Les Bandes Dessinées

Bandes Dessinées (BDs) are a staple of my French holidays. Ever since childhood, I remember walking past the rows and rows of graphic novels in the supermarket. And the thing that got me was that they were just so simply *there*.  Not tucked away in some specialist little shop, or hidden ashamedly round the back of a pillar, or rammed onto a tiny shelf. They were just there. Quite content and proud and ridiculously exciting.

Reading books like this is total detective based fun. My French is wobbly (I can feed and water myself but tenses and more elaborate structures are way out of my ken) but I managed to work out so much from these books. Graphic novels have the intense joy of being read visually as well as textually so even if you just pick out the pictures you get a story. I’m really sad these sort of books weren’t used in my French lessons – I’d have died of happiness if they were. So take a risk! Pick one of them up! If I’d never have badgered my mum to let me have a gorgeous book about unicorns, I’d never have learnt the French word for unicorn* – and that’s a life-skill in itself!

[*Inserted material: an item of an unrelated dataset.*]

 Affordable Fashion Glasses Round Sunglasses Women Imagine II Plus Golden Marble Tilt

On my most recent holiday to visit family I took the opportunity to pick up a few more titles. I admit there was a point when I stood in the middle of the aisle and shrieked something along the lines of “ONE EURO EACH? COR WHAT A DEAL!” and um maybe elbowed an innocent or two out of the way in my raptures.

And here’s what I found.

Le Missionaire. Number One: Messages by Buscaglia and Crippa I struggle to coherently formulate my love for this book. It starts with an Apocalypse Now-esque flashback of a scarred war veteran who ends up working with the Vatican in order to confirm the legitimacy of miracles. There are nuns (NUNS WITH SECRETS), mysterious villages and some superbly moody artwork. Brilliant.

Quartier M : Fêlures (1/3) – Par Benjo, Zano et Stéphane Beauverger – Ed. Dupuis

Quartier M : Book 1/3 Felures by Benjo, Zano, Beauverger. This is a dystopian vision of the future drawn in a stunningly evocative manner. It’s quite laconic in places both visually and textually. Essentially (and my French got very iffy on this one), there’s a suburb where the adults are all amnesiacs and as a result of this the kids are running the joint. There’s a more coherent precis available here but even with my wobbly French I fell in love with the relationship between the two central children and the West Side Story-esque interplay between the gangs.

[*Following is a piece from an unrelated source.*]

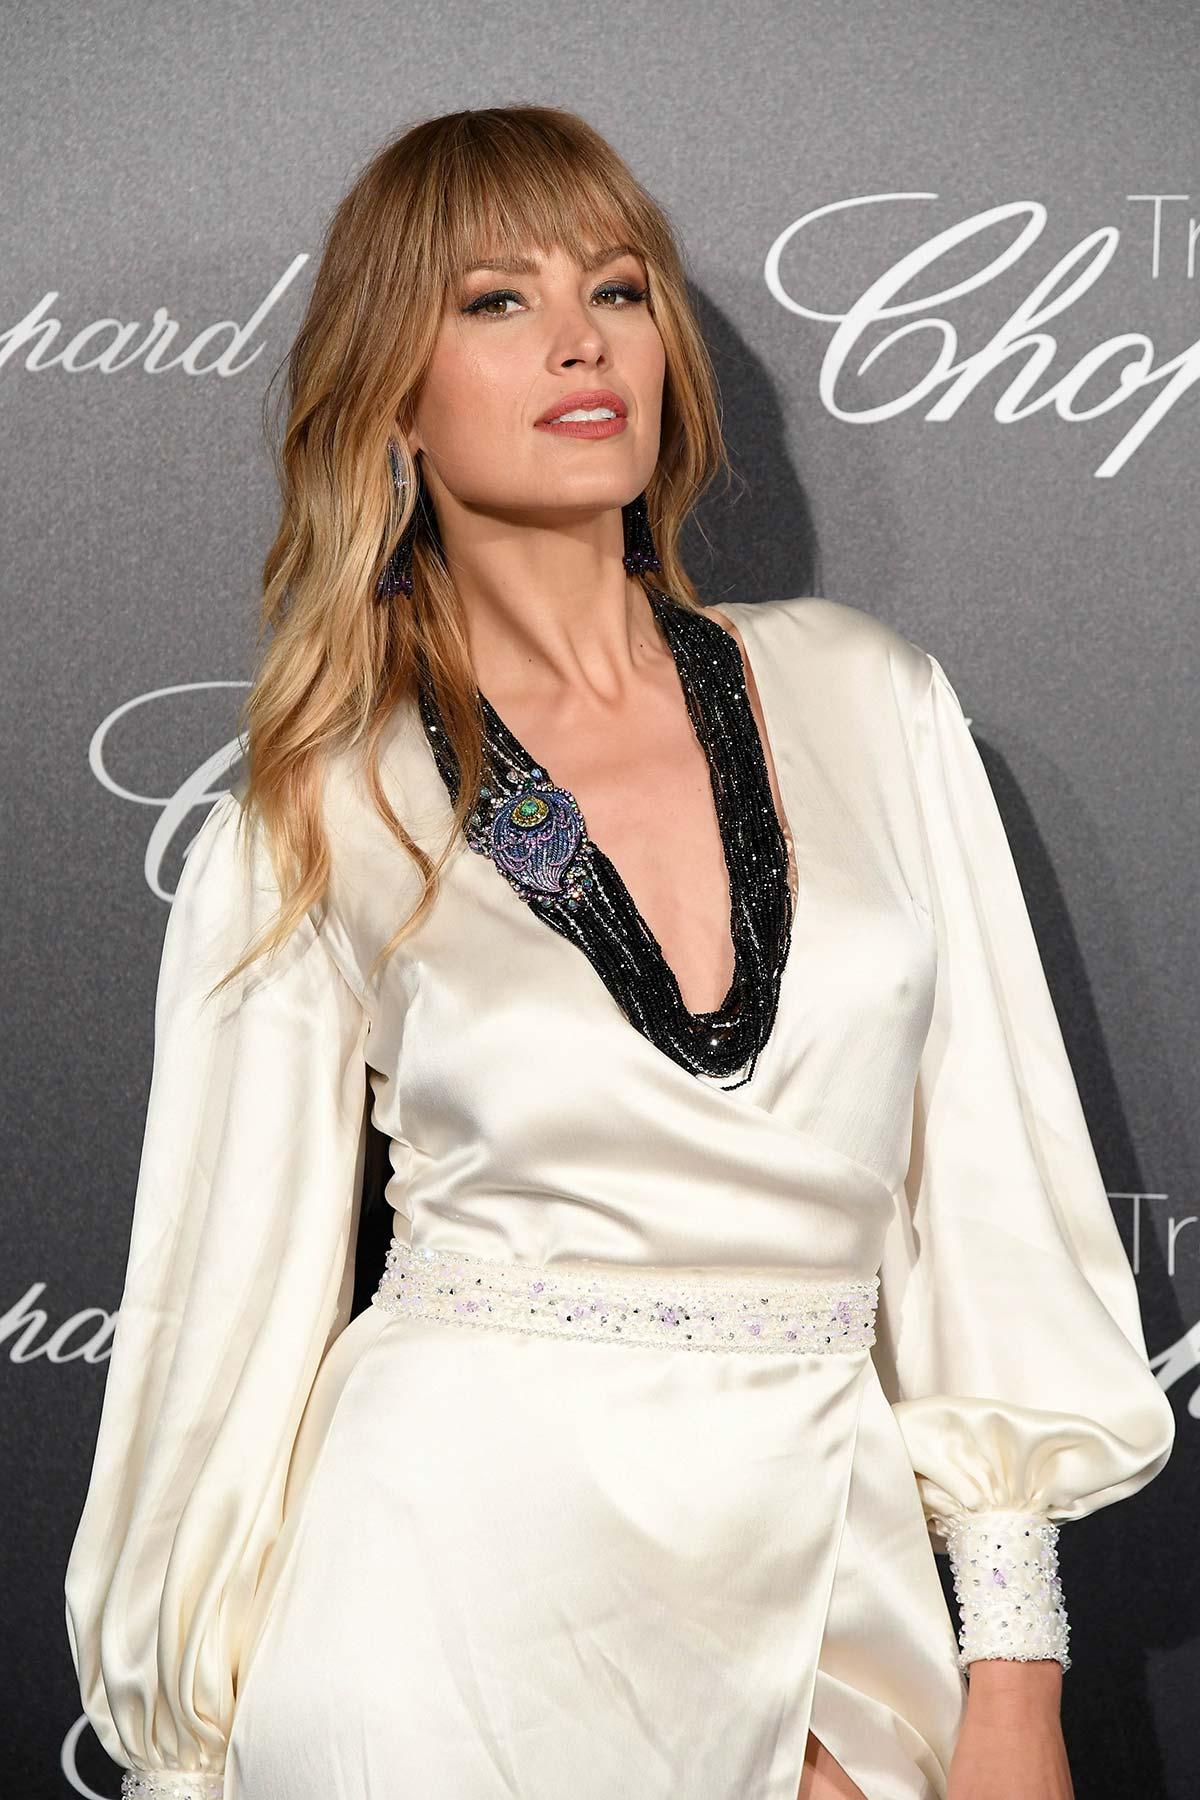 Cannes 2018 - Trophee Chopard - Petra Nemcova - Hair and makeup Massimo Serini

Néfésis, Tome 1 : Résurrections

Nefesis: Tome 1: Resurrections by Camboni and Filippi. Of all the books I picked up, this was the one I struggled with the most. I *think* this book is about a female scholar of Egyptian artefacts who turns into something like Catwoman on an evening. Amazing no? Or at least it would have been if I could have coped with the awful stylised lettering. Not one that I’ll be coming back to.

Aldebaran, tome 1 : La catastrophe

Les Mondes D’Aldebaran 1: La Catastrophe by Leo. OH MY GOD THIS BOOK. Of all of the books I read, this by far won the THIS IS A LITTLE BIT BONKERS prize. Essentially what happens here is that we’re on an alien planet (detailed geographical notes available on the inner covers) and it’s all going a little pear-shaped. The sea is solidifying, amazing whale-slug things are being found on shore, and the planet is having a major freak out session. This book is amazing and nuts and sort of spectacular.

Alpha, Tome 1 : L'échange

Alpha: L’Echange by Jigounov / Renard. This is a more traditional (I say traditional, none of these books are really traditional, they’re all brilliant) crime book. My French got a bit patchy in it again so my precis is going to be a little iffy. Essentially there’s this guy, he has something some other guys want so they kidnap him and for some reason there’s a parallel plot of a foxy Russian lady doing the sights of Paris (the Louvre etc) with some other bloke who thinks she’s all innocent but she’s not she’s got SECRETS.

La dernière Reine, Tome 1 : Le cobra du Nil

La Derniere Reine: Tome 1 Le Cobra Du Nul  by Weber / Caracuzzo. Okay, so in a haul of a couple of books I got dystopia, hard science fiction, alternative history, and crime. This book is all about Egypt and taught me how to say “Get out of the way, my boss the King is coming through and you really should make space” (“Faites place! Faites place!” *evil glare at the poor people*).

*licorne. La. Because everything in French that’s pretty is feminine (according to my dad).